Post by
CaneIsAbel on Apr 10, 2021 11:38am
Remember Mergers and expanding
Costs money. Aphria has been expanding and preparing to merge. We may have spent large sums of money unlike MSO on our massive expansion plans that I see in real time when I drive by some of their facilities. We are also expanding worldwide it costs money to make money. What we're looking for here is our Total growth and cannabis revenue including SweetWater and recreational growth year over year. If we happen to take a loss do to expansion and merger costs that's irrelevant long term. It still means we had a stellar quarter. Just a reminder.

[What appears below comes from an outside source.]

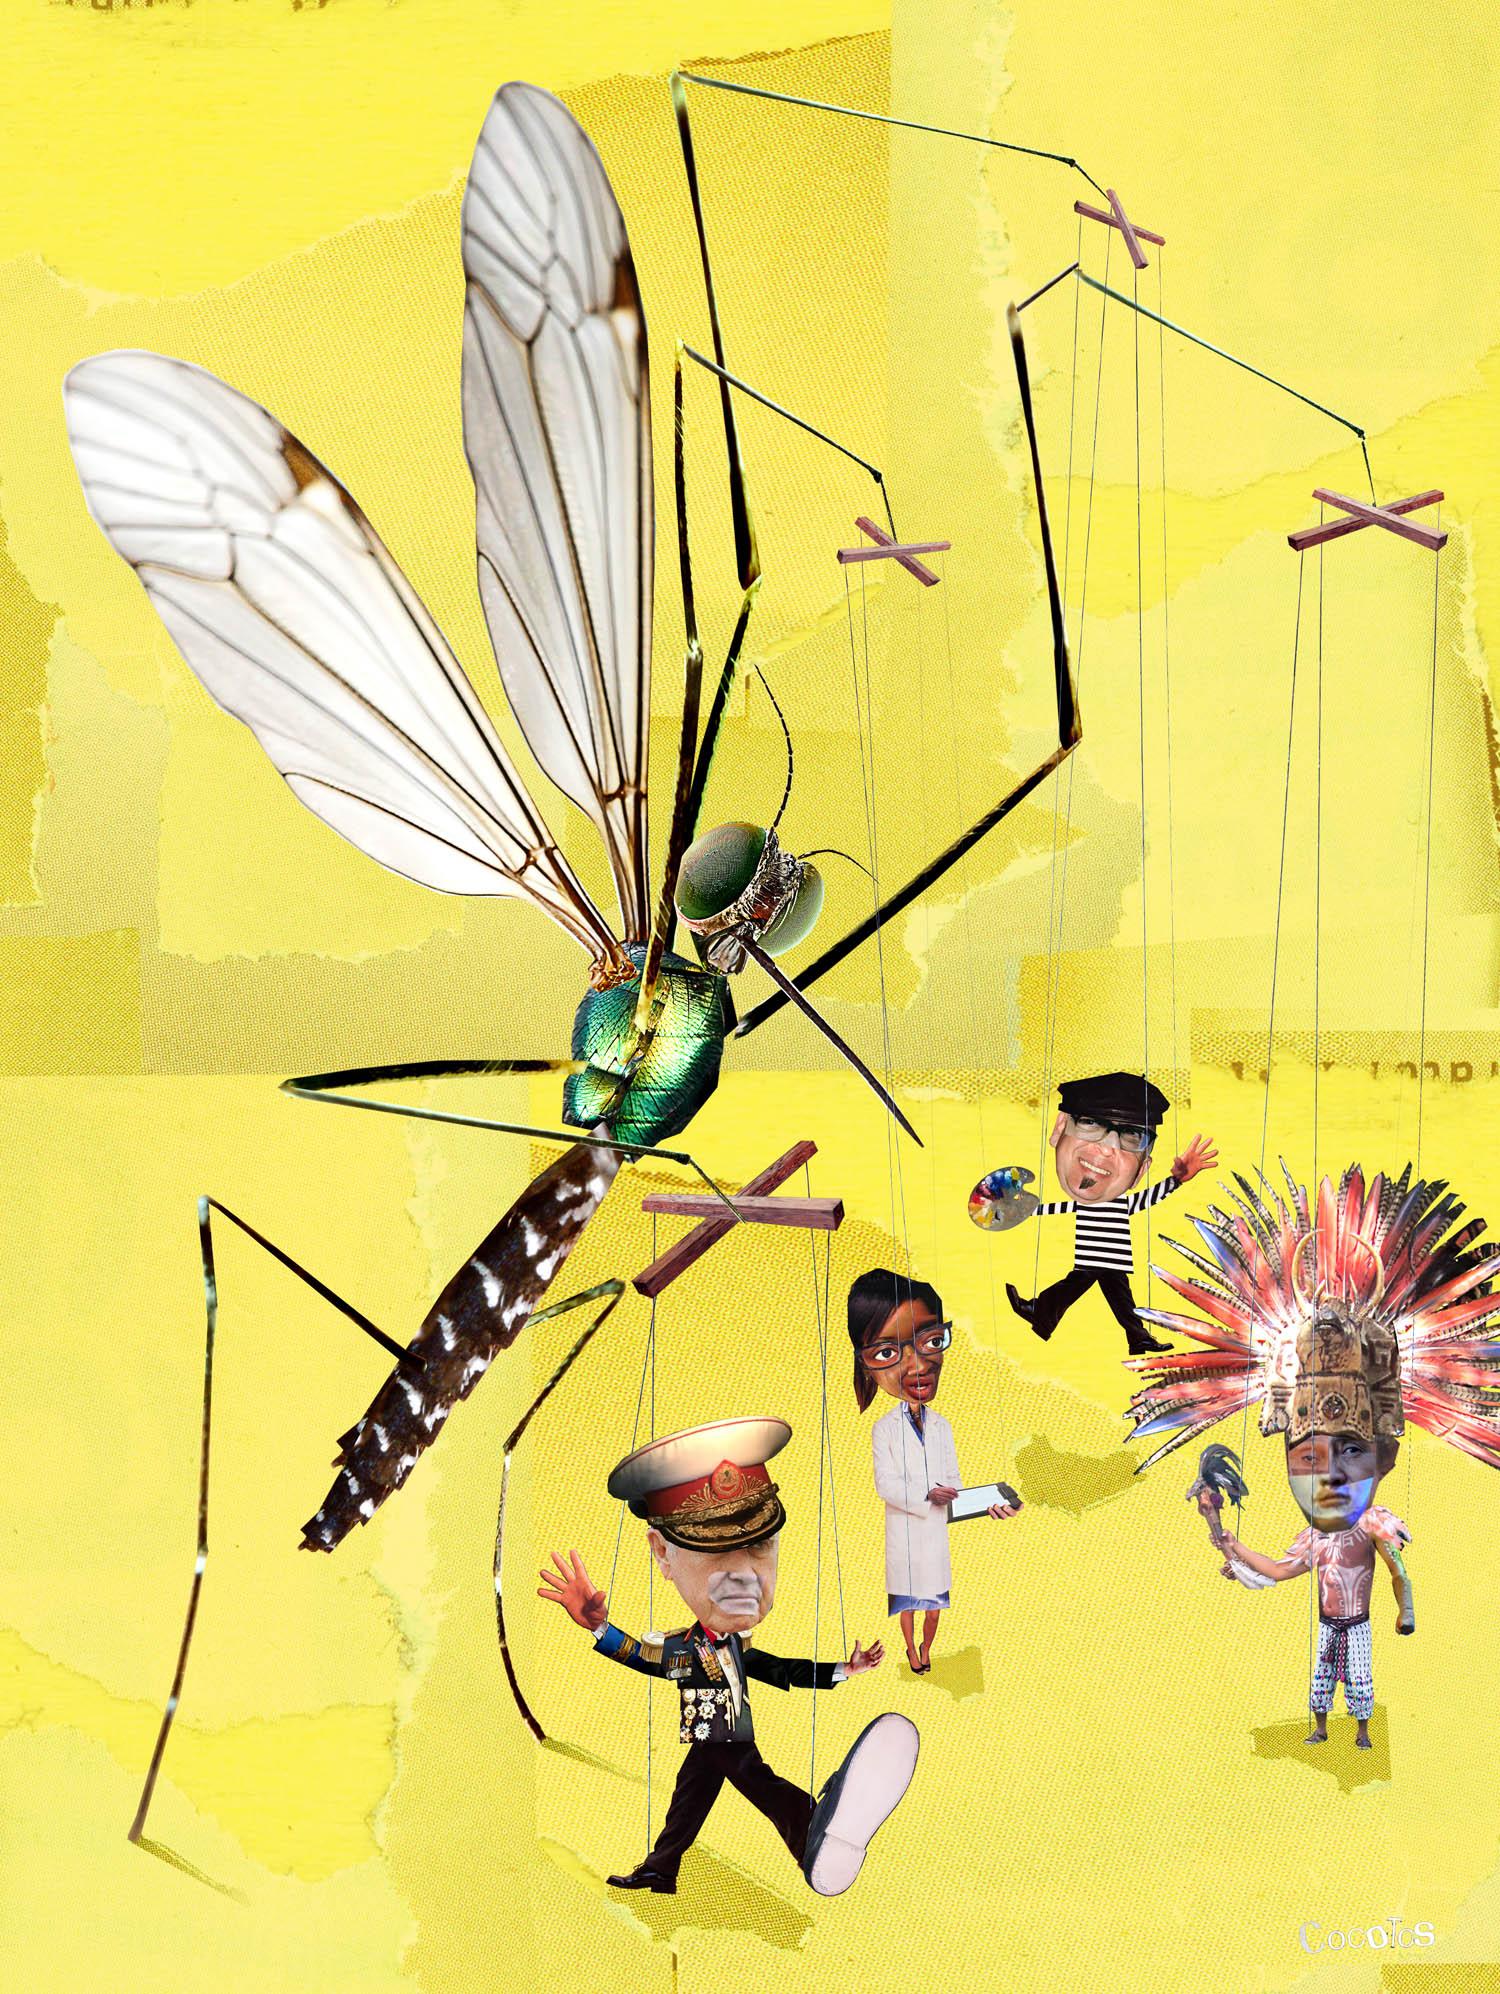 011401-mosquito copy.jpg

We are not an MSO sitting locally spending very little on expansion and almost no federal taxes dealing all in cash. Aphria a worldwide global brand in the verge if a massive merger these things can cost money but that won't reflect negatively. People will be looking for growth in cannabis revenue Germany, worldwide and recreational here at home. SweetWater as well
Comment by
tbone7 on Apr 10, 2021 11:56am
Thank you CaneisAbel for your continued positivity. I am a long term holder and have enjoyed reading your posts. I have seen Aphria's facilities in Ontario and they are world class. Can you comment on what the buzz is in Ontario about the pending results and potential future partnerships once the merger is complete?